For pure shivers, both 'The Rescue' and 'Nails' deliver on the diabolical promise of their premise; in the former, a police detective infiltrating a cult to facilitate a young girl's escape uncovers the shocking truth about the nature of the commune's dreadful deity, while the latter's depiction of a young man's unraveling mind features some of the most hygienically disquieting scenes of mental disintegration ever scribed. A different kind of depraved thought process, that of a serial killer who discovers his latest victim isn't what she seems, is detailed with chillingly realistic effect in 'The Thrill Of The Hunt', while the Viking castaways who survive their sinking longboat struggle to outlast each other as well as the legendary undersea monstrosity, 'Taurmur'.

Many of the selections in As The Night Devours Us would make excellent cinematic adaptations, yet more than any other, it's the volume's culminating entry, 'The Banquet', that earns top accolades as a story strong enough to build a Hollywood franchise upon. Originally released as a stand-alone charity novella, the narrative focuses on Maria, a traumatized sexual assault survivor who is invited by a mysterious organization that gives women the chance to exact revenge upon their attackers. The unrelenting scenario benefits from some of the most excruciating torture scenes yet penned in modern indie horror, but the explicitness here never exploits; indeed, Maria's interior state is so devastated by her rape that the final confrontation becomes nothing less than undiluted spiritual catharsis. With its deep emotional resonance, savage gore and hints at a worldwide clandestine conspiracy, 'The Banquet' rivals such films as Last House On the Left, I Spit On Your Grave, Hostel and Martyrs in its breadth of intensity.

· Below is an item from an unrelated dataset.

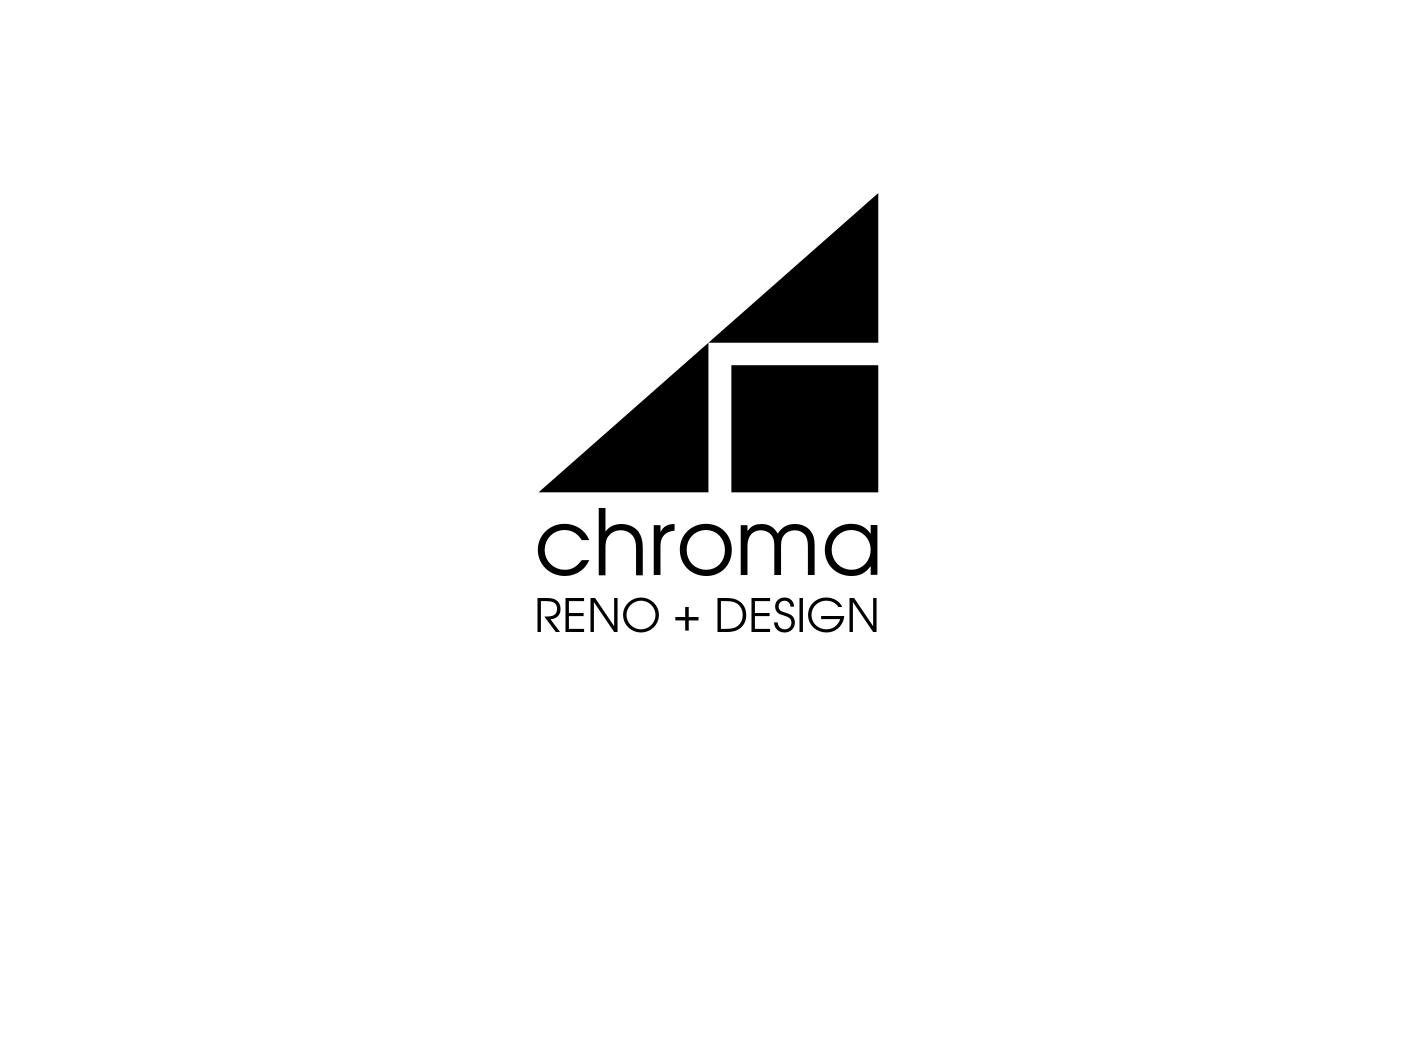 Logo Design by JaroslavProcka - Entry No. 230 in the Logo Design Contest Inspiring Logo Design for Chroma Reno+Design.
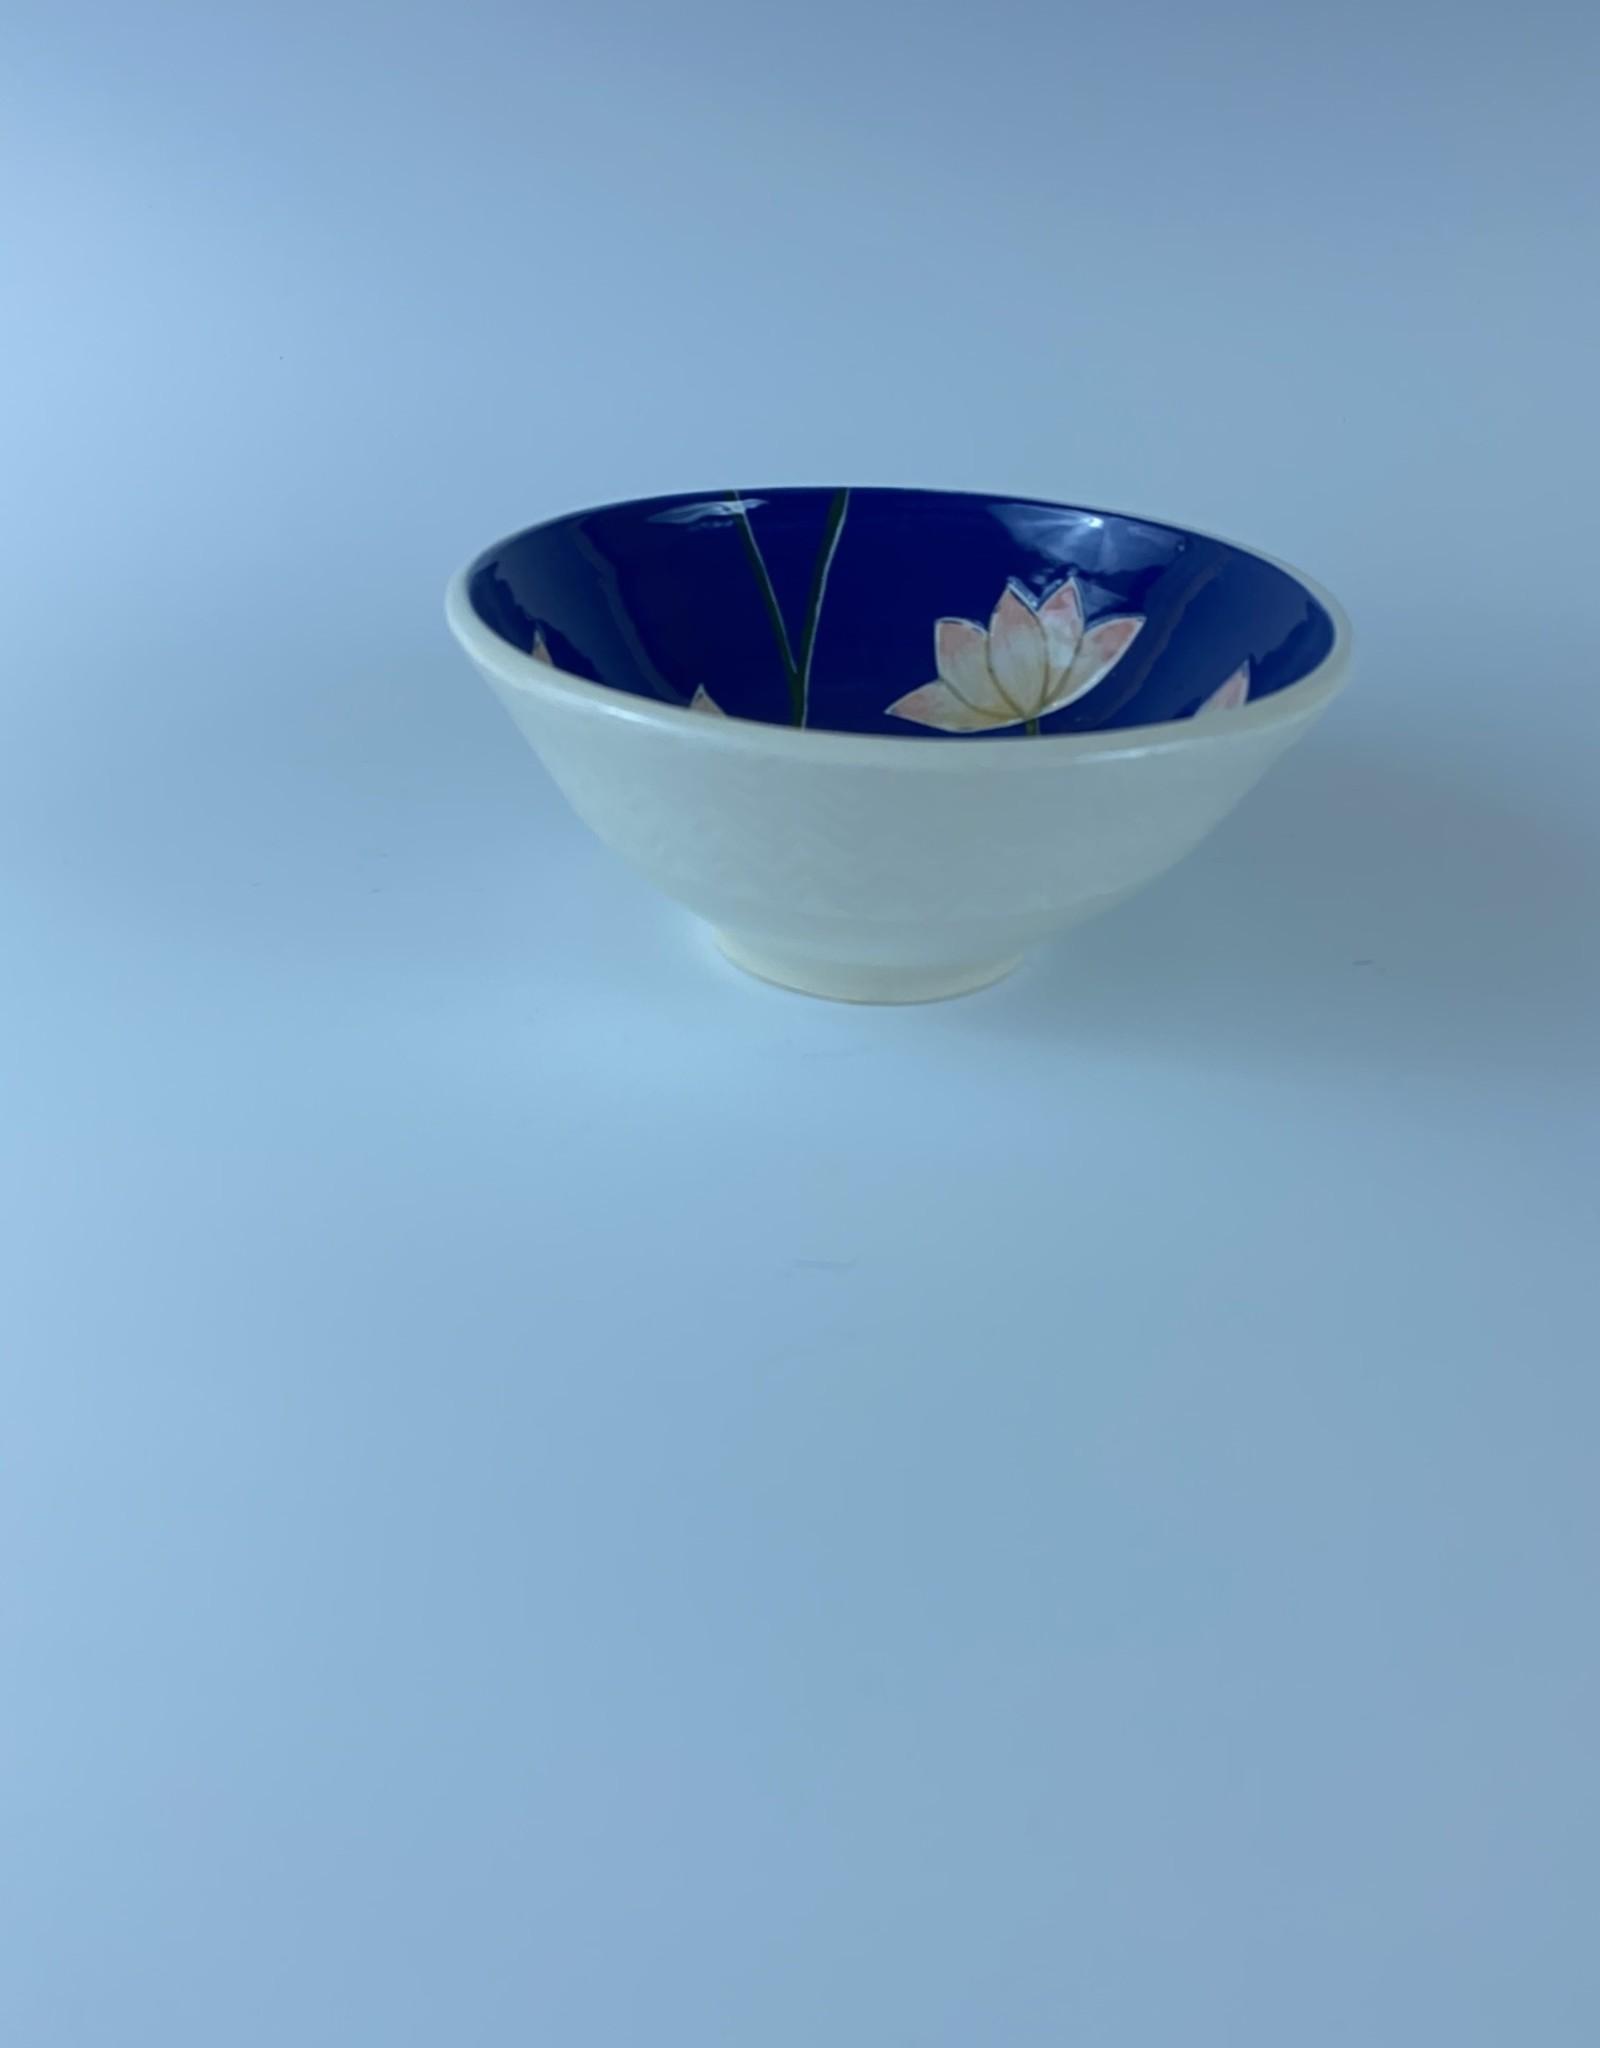 Anshula Tayal Amaati Pichwai Lotus Bowl (Small)

Beautiful in its own way but not for the faint of heart, As The Night Devours Us is an all-too-rare example of what can truly be accomplished with short fiction in general and genre fiction in particular. With her flair for creating realistic characters, her unflinching resolve to push boundaries and willingness to explore, Villimey Mist's triumphant work succeeds in shaking the very pillars of contemporary horror, and it's for that reason that I feel compelled to bestow As The Night Devours Us the full 5 (out of 5) on my Fang Scale. A dark and dangerous talent arises. Prepare to be devoured.